Tse says: “The likes of Standard Life, Scottish Equitable and Scottish Widows only offer one type of fund.”

Cracknell echoes Tse’s sentiments. “We recognise that many people are taking a more proactive approach to environmental issues but, if they want to replicate this within their pension savings, they need to choose an open architecture product as access to a range of ethical funds that is wide enough to enable them to diversify away from just one or two funds,” she says.

Tse says there is another issue – the lack of demand is deterring providers from offering employees a choice. Providers are being more restrictive than in the past in offering funds to employers. Whereas previously just three members would have been enough to offer an ethical option, now there needs to be at least 10 or 15 members, says Tse.

“Profitability is key. Providers do not seem to like small numbers of members and potentially high turnovers.
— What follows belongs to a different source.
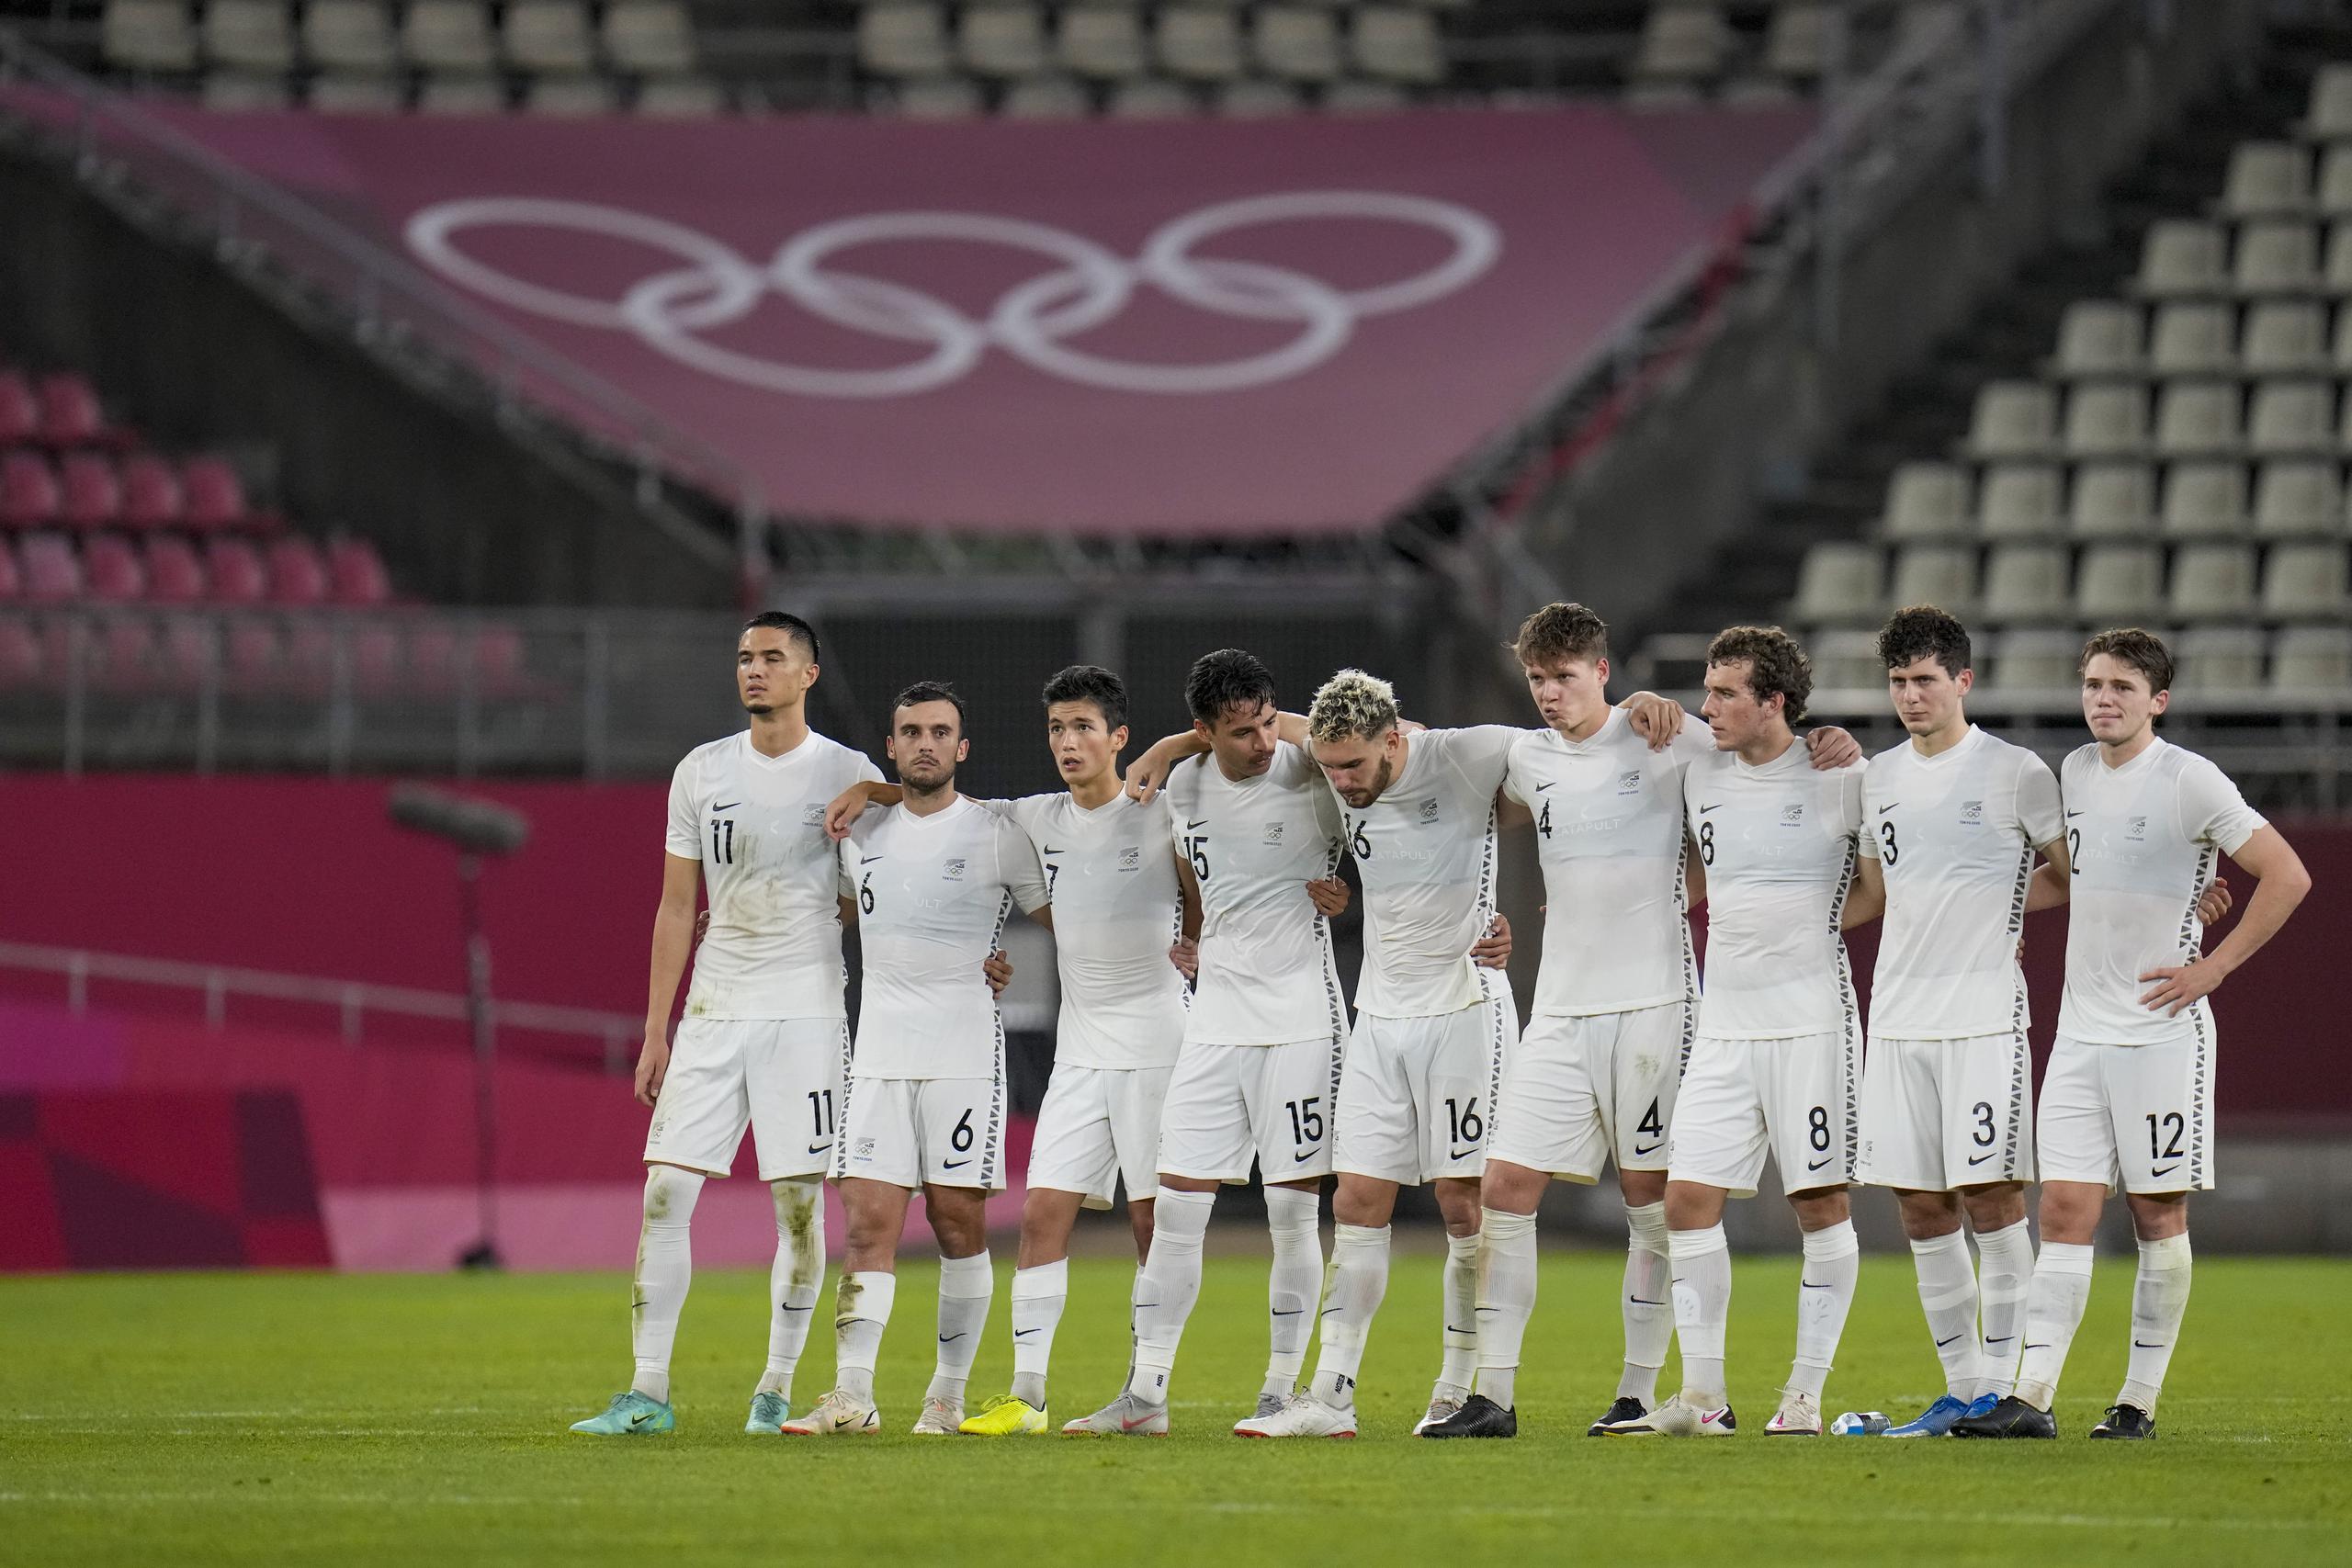 Los jugadores de la selección de Nueva Zelanda, posan con sus uniformes todo blanco, durante la tanda de penales en el partido contra Japón por los cuartos de final del fútbol masculino de los Juegos Olímpicos de Tokio.

It is not cost effective – in the past it was possible to get bespoke solutions for clients – now that is more difficult,” he says. “If you are in a GPP and you want to invest in ethical funds, you will be very limited in the choice available with your provider, with possibly only a couple of fund choices,” says Tse.

It is a different scenario for group Sipps where there is a much wider range of ethical investment options available. “Some examples include Aberdeen Ethical World, Aegon Ethical and Henderson Global Care. In addition to purely “ethical” funds, there are others such as Jupiter Ecology where the screening of companies may be slightly different,” adds Lee Smythe, from Killik.

The cost implication could pour water on ethical funds ever becoming a staple part of the employee’s pension diet. According to the IMA SRI funds are not more expensive than ordinary funds – all funds tend to average a total expense ratio of around 1.6 per cent – but the problem for the pensions market is economies of scale.

Not only is this hindering take up now, it could pose a problem for Personal Accounts, which are committed to providing an ethical option. Questions will be raised on whether PADA will be able to deliver a cost effective ethical option come 2012 – the authority may have to consider a subsidy to be able to offer the choice.

Ethical investing in the workplace is destined to be a niche area for sometime to come – irrespective of the efforts of the SRI troops to make a difference.

Lipkin adds: “Around a quarter of people surveyed by the DWP reckon that they want to invest with a social conscience, but when the realities of saving for pension come to the fore they may be less willing to take an ethical stance.”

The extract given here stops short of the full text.